Data extract:
----

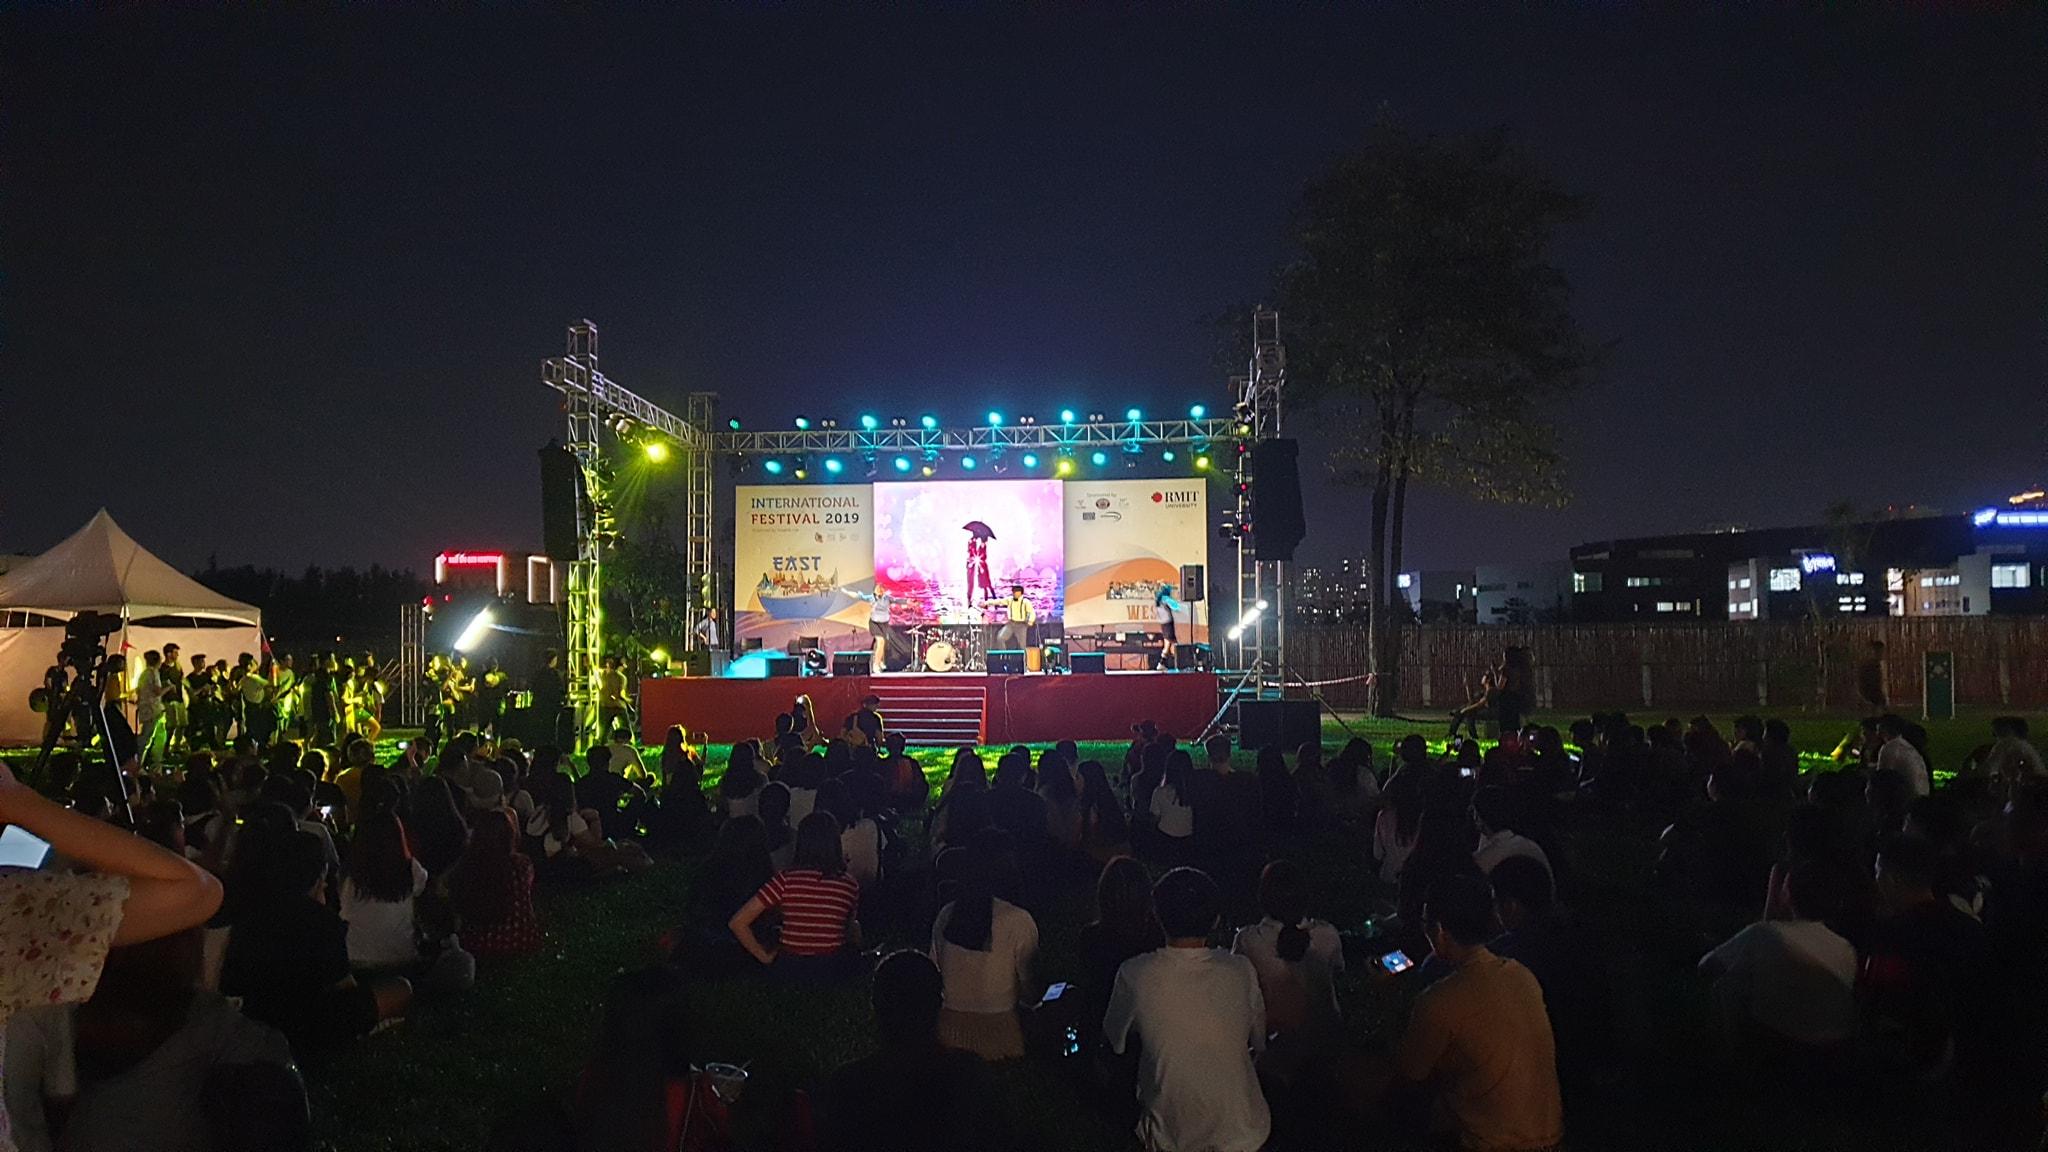 International Festival 2019
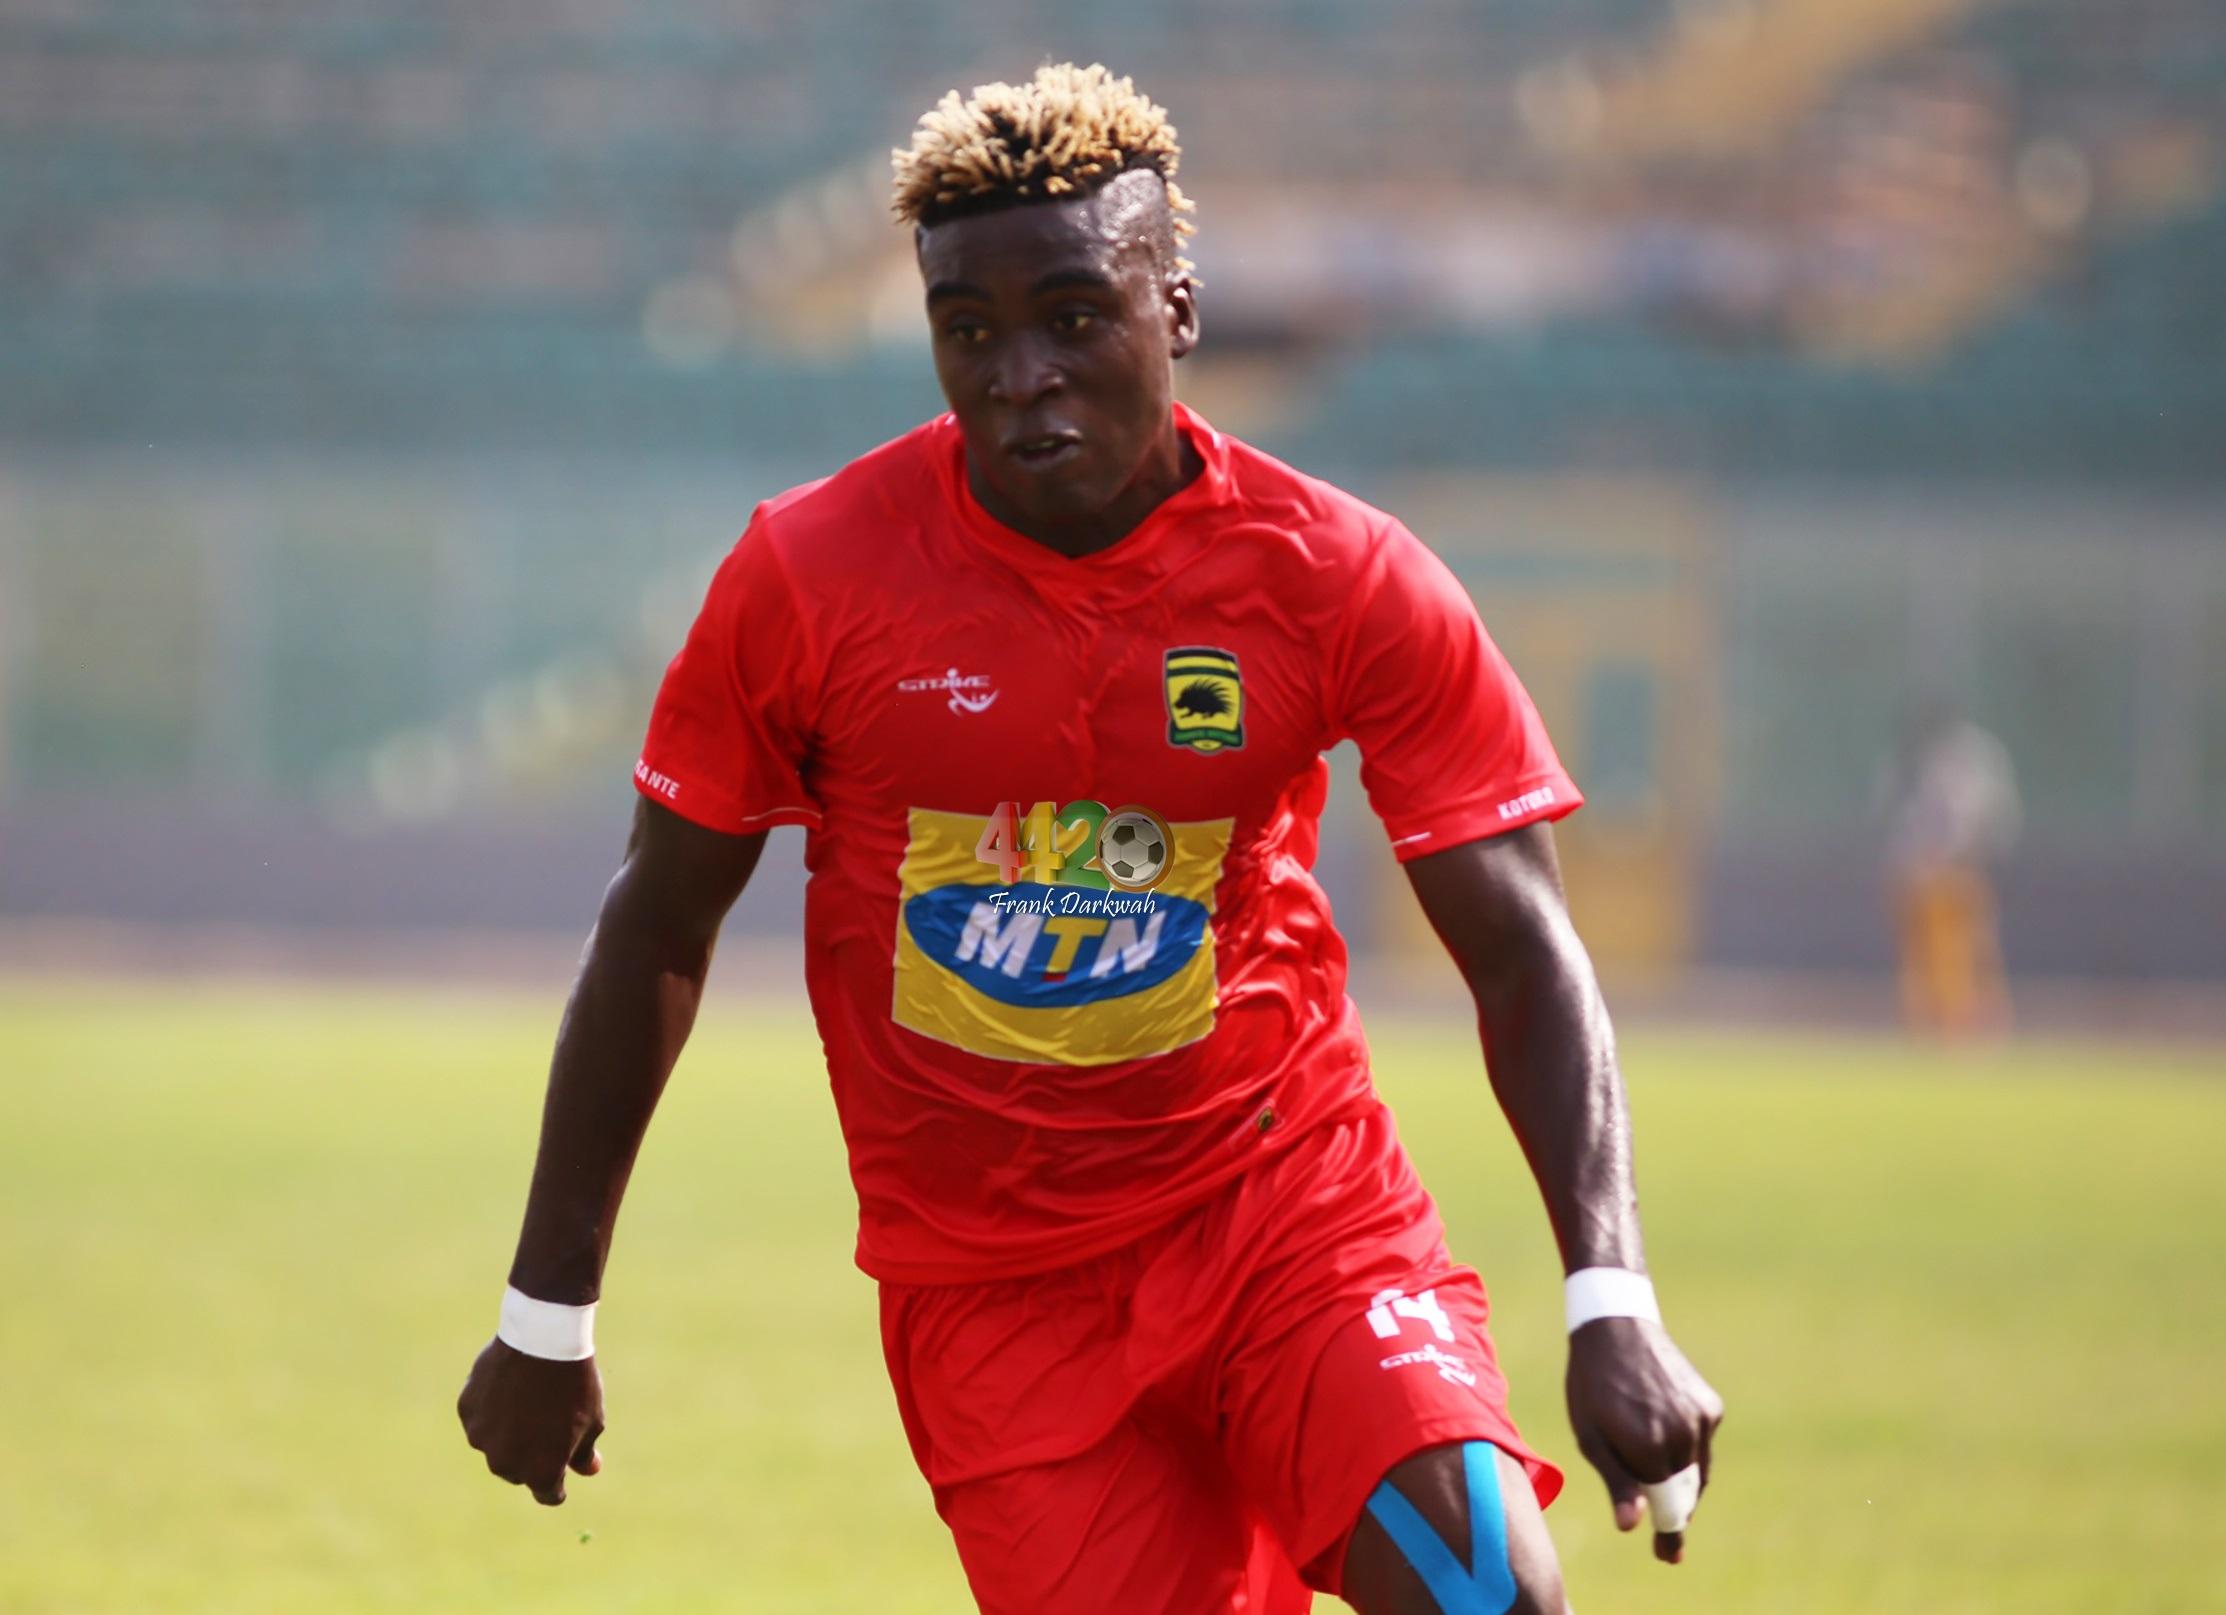 I'm not happy leaving Kotoko – Patrick Yeboah
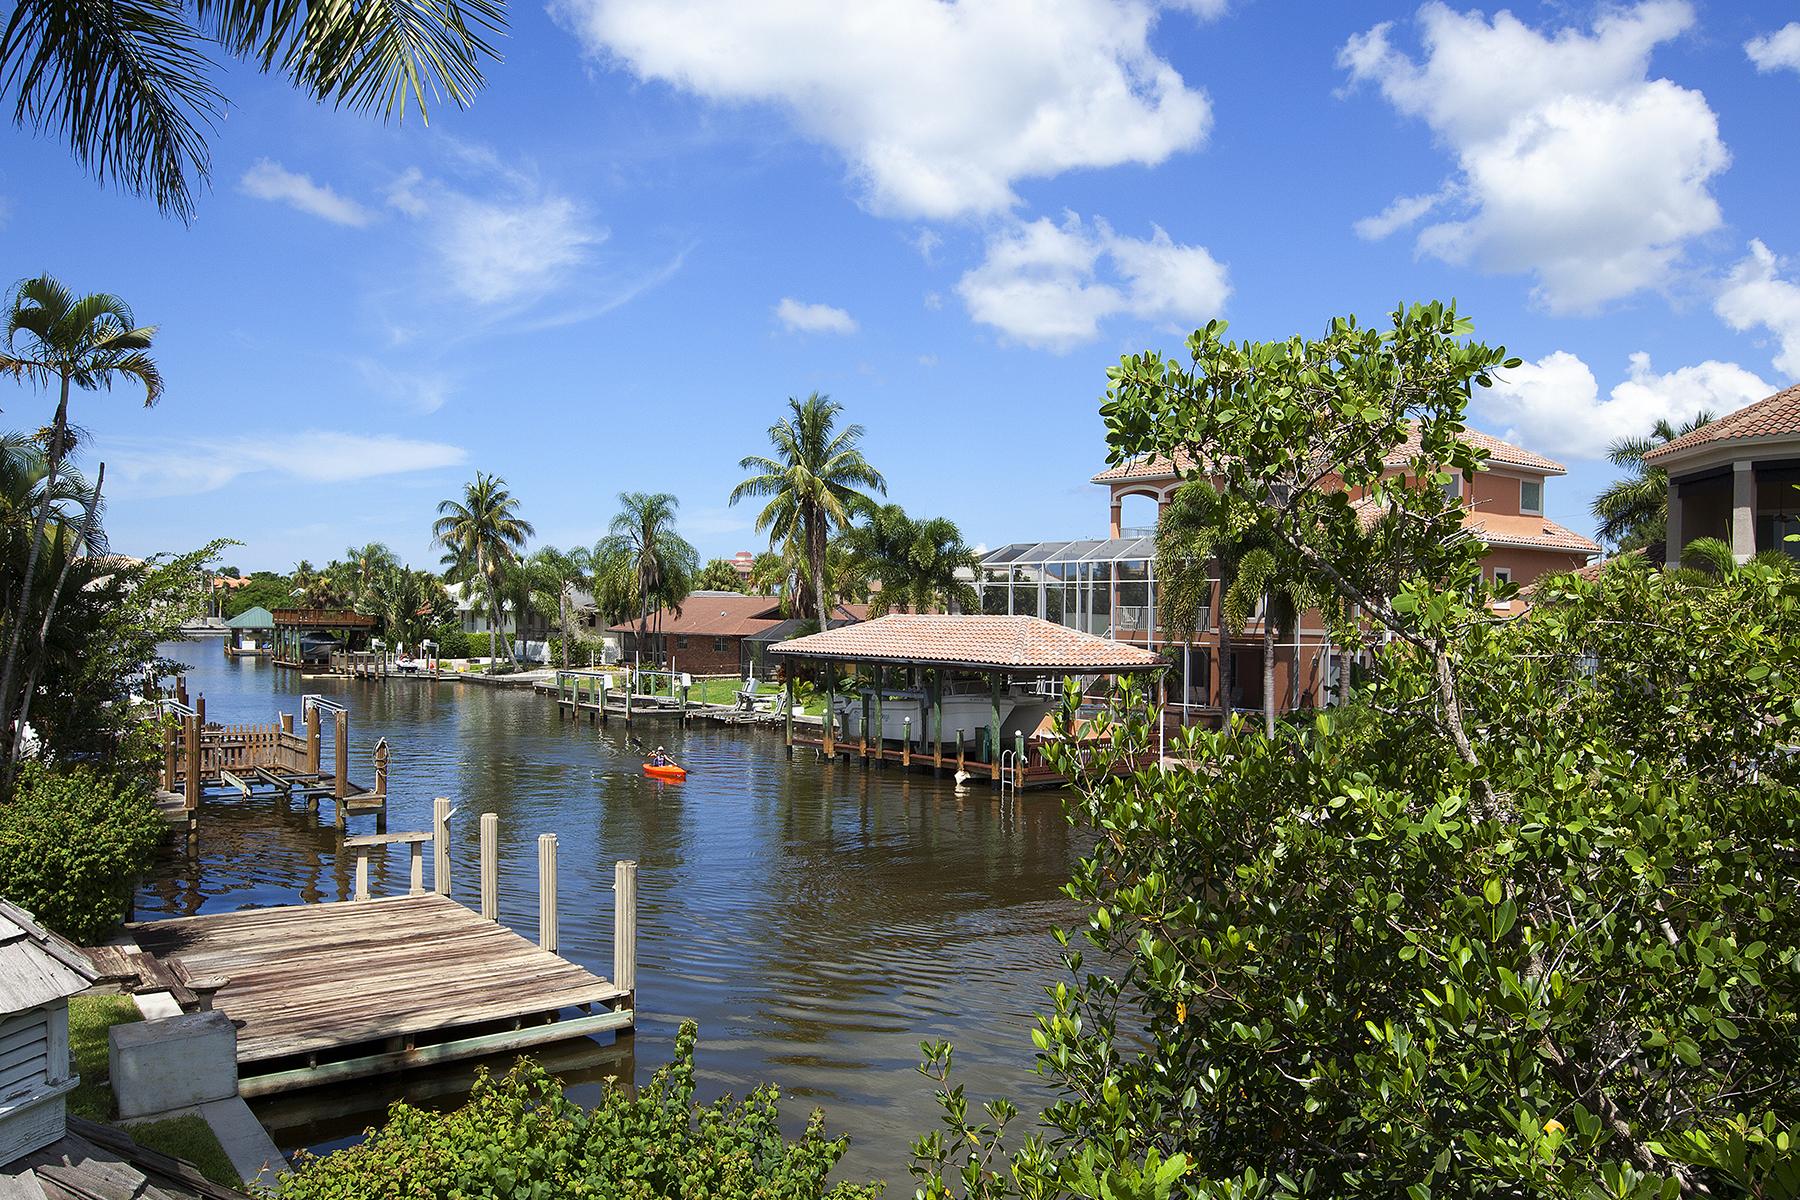 Terreno per Vendita alle ore VANDERBILT - CONNORS 467 Seagull Ave Naples, Florida 34108 Stati Uniti

----

Task requirements:
Please print exactly the lines from the one holding "I'm not happy" through the final line of the data above, including both, and skip all pictures.

Result of the exercise:
 I'm not happy leaving Kotoko – Patrick Yeboah
 Terreno per Vendita alle ore VANDERBILT - CONNORS 467 Seagull Ave Naples, Florida 34108 Stati Uniti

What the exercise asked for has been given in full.